Realizing that the blooming art scene in Lebanon was calling for new spaces dedicated to idea-based projects, Joumana decided in October 2015 to start from scratch and founded Marfa’ Gallery in Beirut. The gallery and its projects are built upon a desire of dialogue and collective thinking, the space is located in two garages in the customs area in the Marfa’ neighborhood, which means port in Arabic. In a short five years the gallery has done over 15 shows with 12 internationally recognized artists, and exhibited in many art fairs around the world such as Art Basel, Switzerland, Frieze London, Artissima, FIAC, and Paris Internationale.
Updated November 2020
Andrée Sfeir-Semler is an art historian who founded her eponymous gallery in Germany in 1985. Twenty
years later, in 2005, she opened a second gallery in Beirut, transforming a defunct factory into the first
white cube space in the Middle East. She studied History and History of Art & earned her PhD in 1980.

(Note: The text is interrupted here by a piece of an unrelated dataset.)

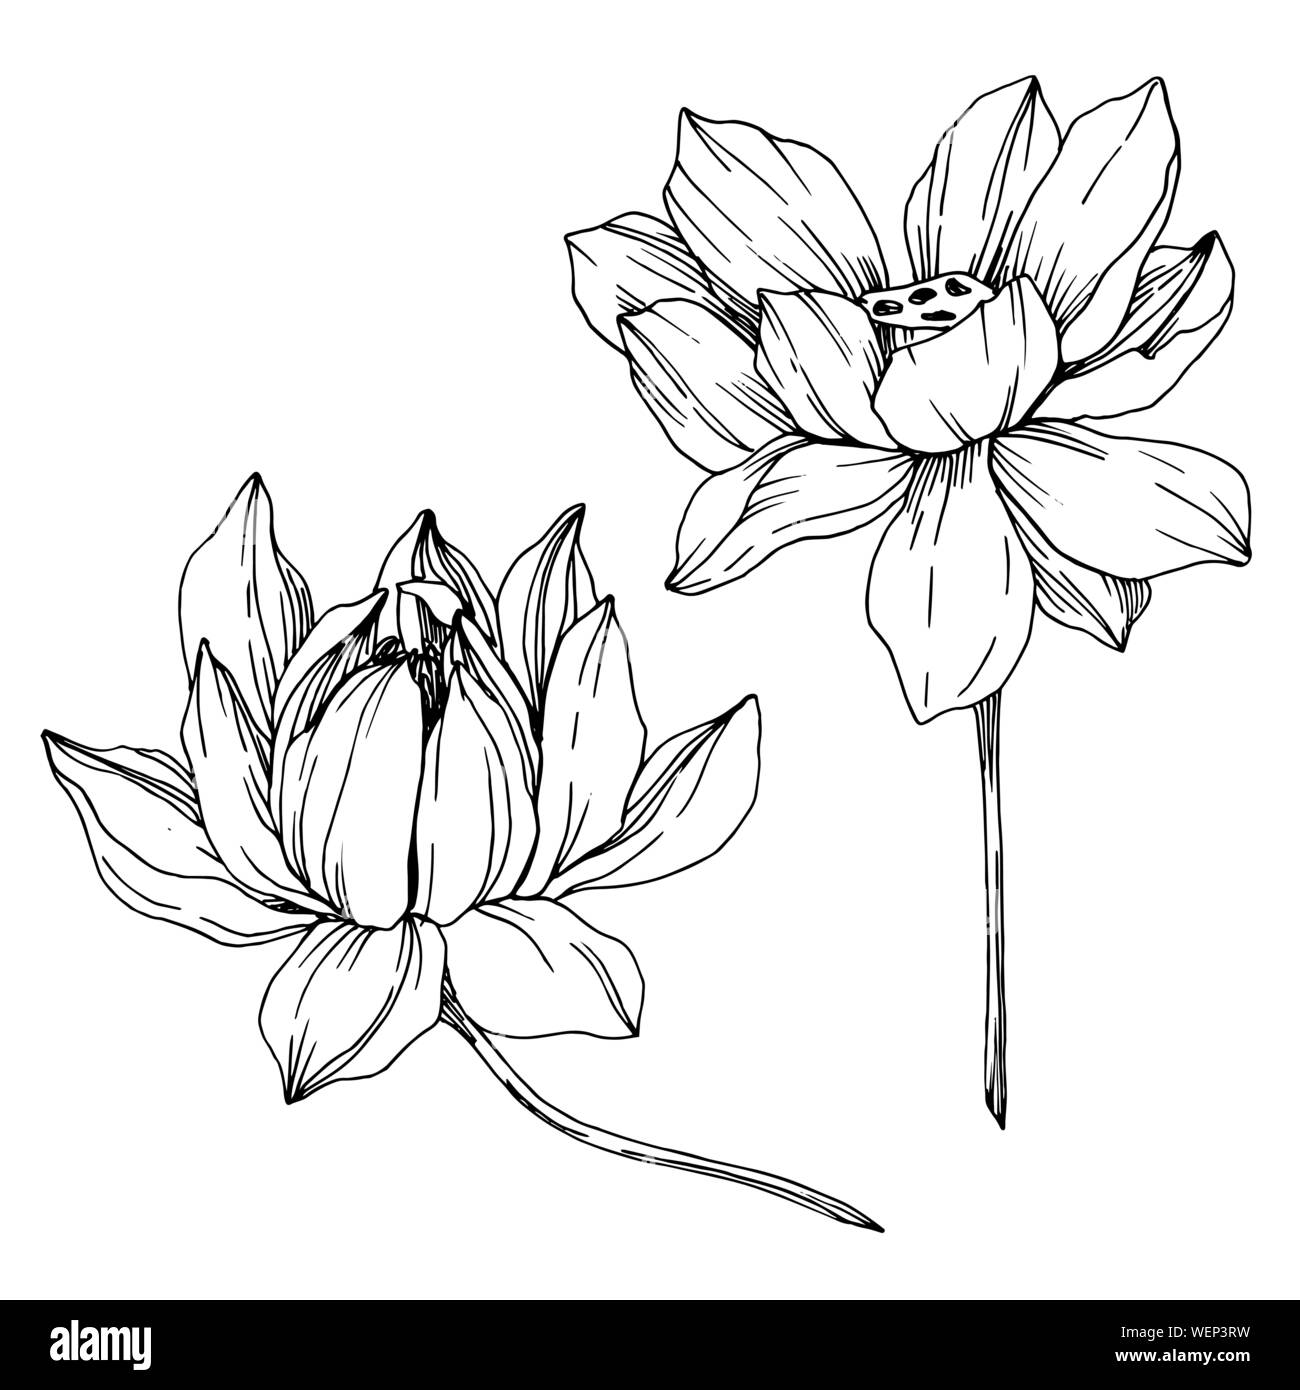 Vektor Lotus Blumen botanischen Blumen. Schwarz und weiß eingraviert Tinte Art isoliert Lotus Abbildung Element. Stock Vektor

Sfeir-Semler Gallery has been mainly representing conceptual and minimal artists. Since 2003 the gallery
has focused on contemporary art from the Arab World and has been instrumental in launching and
developing the careers of numerous artists from the region like Etel Adnan, Walid Raad, Akram Zaatari,
Wael Shawky, Yto Barrada, Rabih Mroue & Rayyane Tabet to name a few.
Updated November 2020
Amira Solh is an urban planner based in Beirut, Lebanon. She studied Sociology at the American University of Beirut before earning a Masters of Regional Planning from Cornell University. Amira Solh began her career in rural development planning in various Arab countries and at the United Nations Development Program. She headed the Urban Planning Department at Solidere, the Lebanese company for the Development and Reconstruction of the Beirut Central District, until 2018. She is a founding Board Member of the Arab Center for Architecture in Beirut. She was a Fellow with the New Museum’s IdeasCity program in Arles, France. Amira Solh is now a cultural heritage and urban planning consultant. She currently lives between Beirut and Barcelona.